Identifying and treating the underlying cause is crucial. This might involve antibiotics for infections, discontinuation of causative drugs, or replacement of deficient proteins in hereditary conditions 7 12. In drug-induced purpura, stopping the offending agent is essential 5.

Conclusion

Purpura is a complex clinical sign with a wide spectrum of underlying causes and manifestations. Early recognition, careful assessment of accompanying symptoms, and identification of the root cause are essential for effective management.

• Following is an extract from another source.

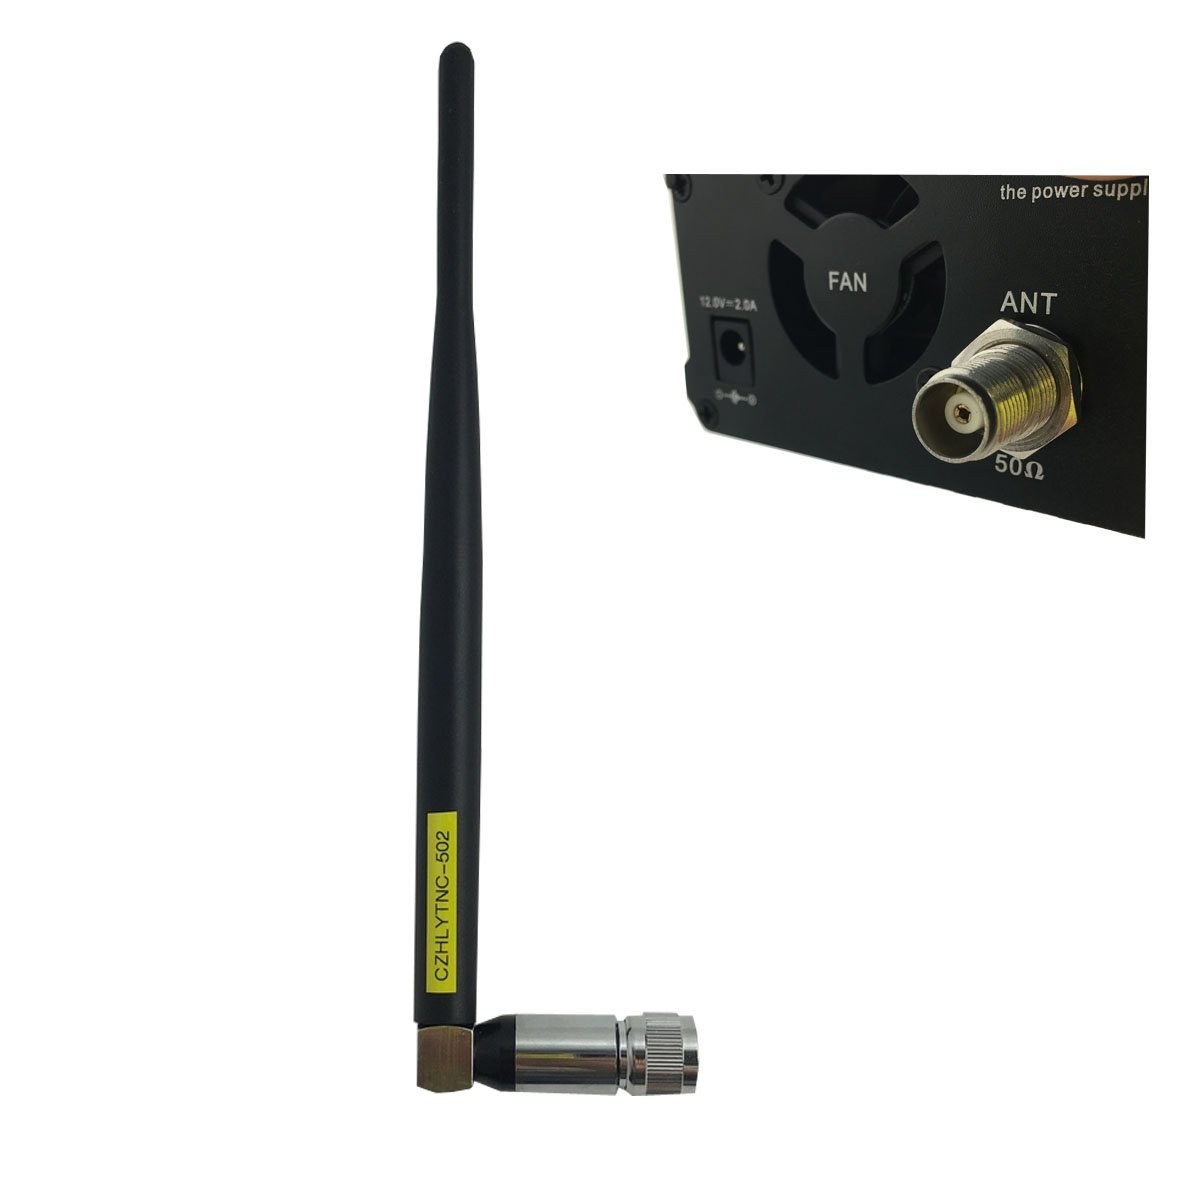 CZH 0.5W CZH-05B//CZE-05B Wireless Long Range Stereo Broadcast FM Transmitter Dual Mode Tnc Antenna Kit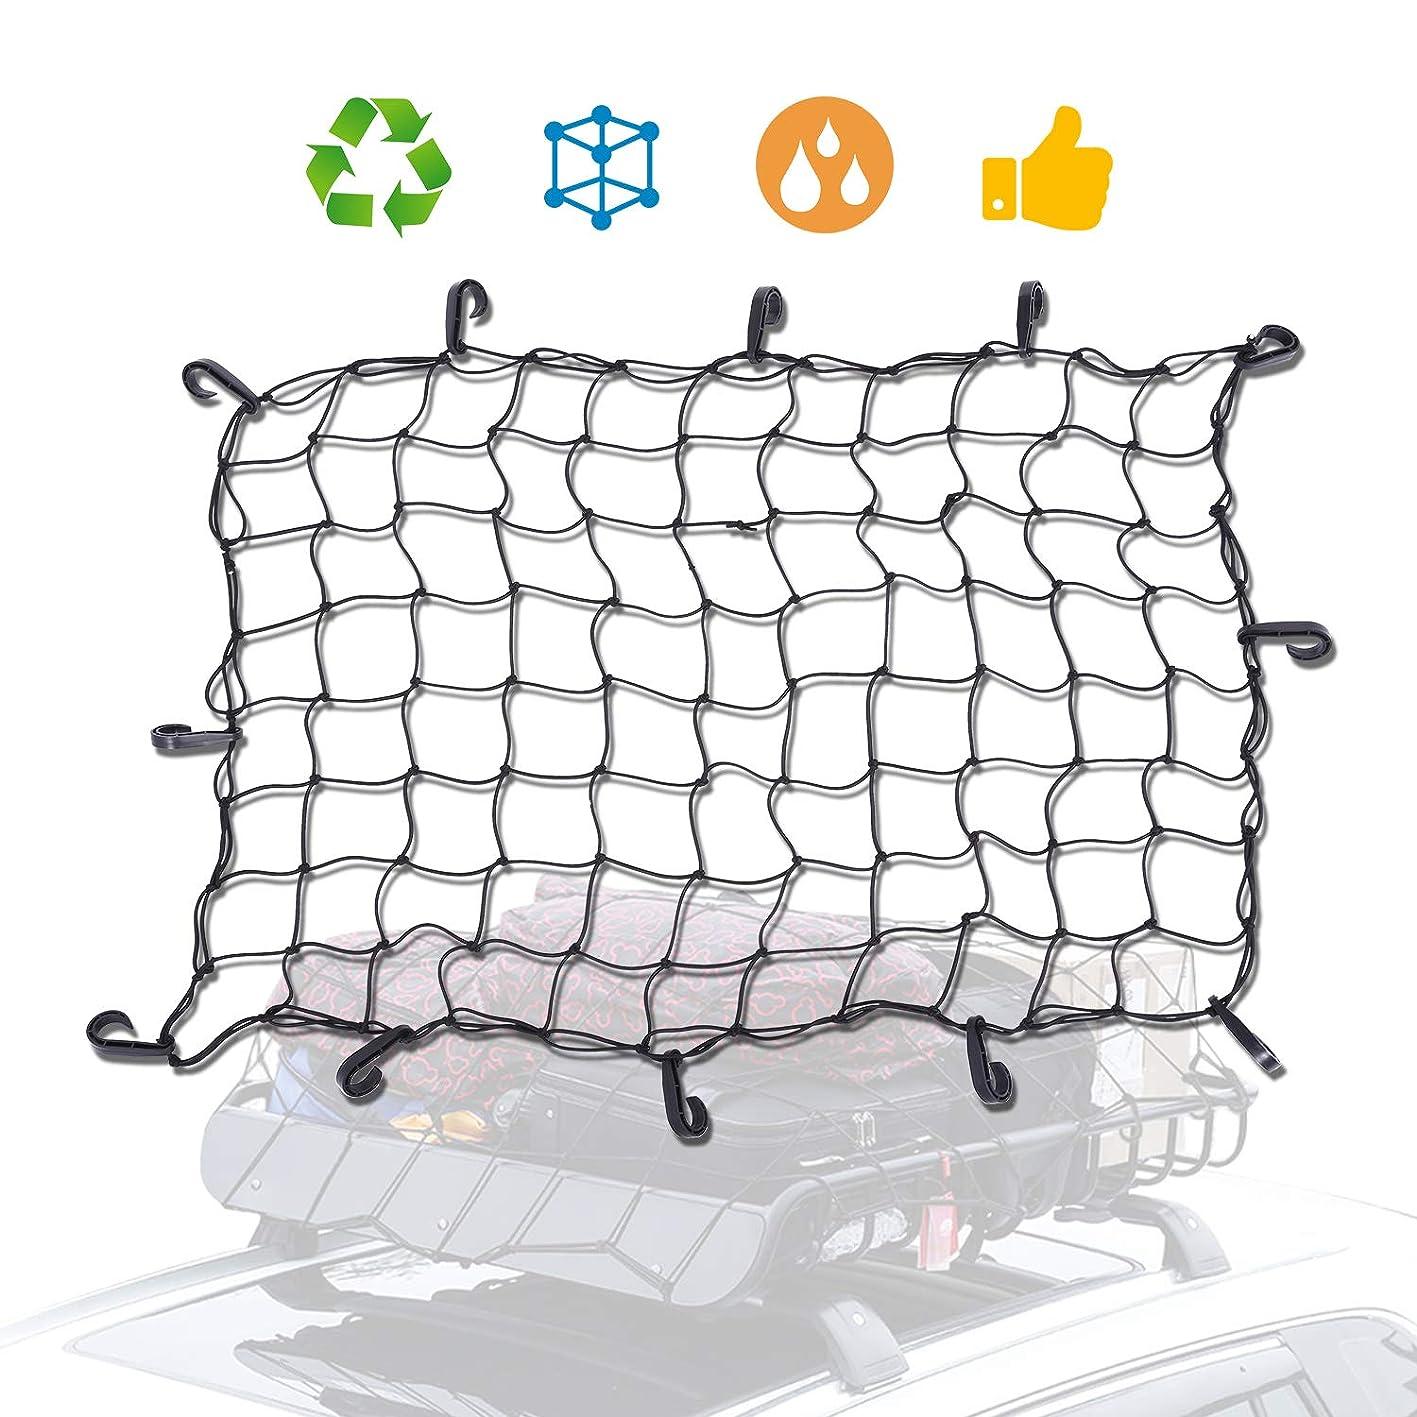 COOCHEER 120x90cm Cargo Net, Large Universal Nylon net Large Capacity 12 Hooks Roof Luggage net Car Trunk net Pocket Stretches Mesh Net for Cars fbbdftzybhr828

Here are the main takeaways:

• Purpura manifests as non-blanching purple or red skin lesions and may be accompanied by joint, abdominal, renal, or systemic symptoms 1 3 4 7 14.
• Causes include vascular inflammation (vasculitis), platelet or coagulation disorders, infections, drugs, physical triggers, and hereditary deficiencies 1 4 5 7 12 14.
• Treatment is tailored to the underlying cause and ranges from supportive care to corticosteroids, immunosuppressants, plasma exchange, and targeted therapies 1 3 10 11 13 14.
• Prompt diagnosis and intervention are essential, especially in severe forms like TTP and purpura fulminans, to reduce the risk of complications and improve outcomes 4 7 10 12.
• Patient-centered care and multidisciplinary approaches help address both the physical and emotional impacts of purpura and its underlying causes.

By understanding the diverse presentations and causes of purpura, clinicians and patients alike can work together toward timely diagnosis and effective treatment.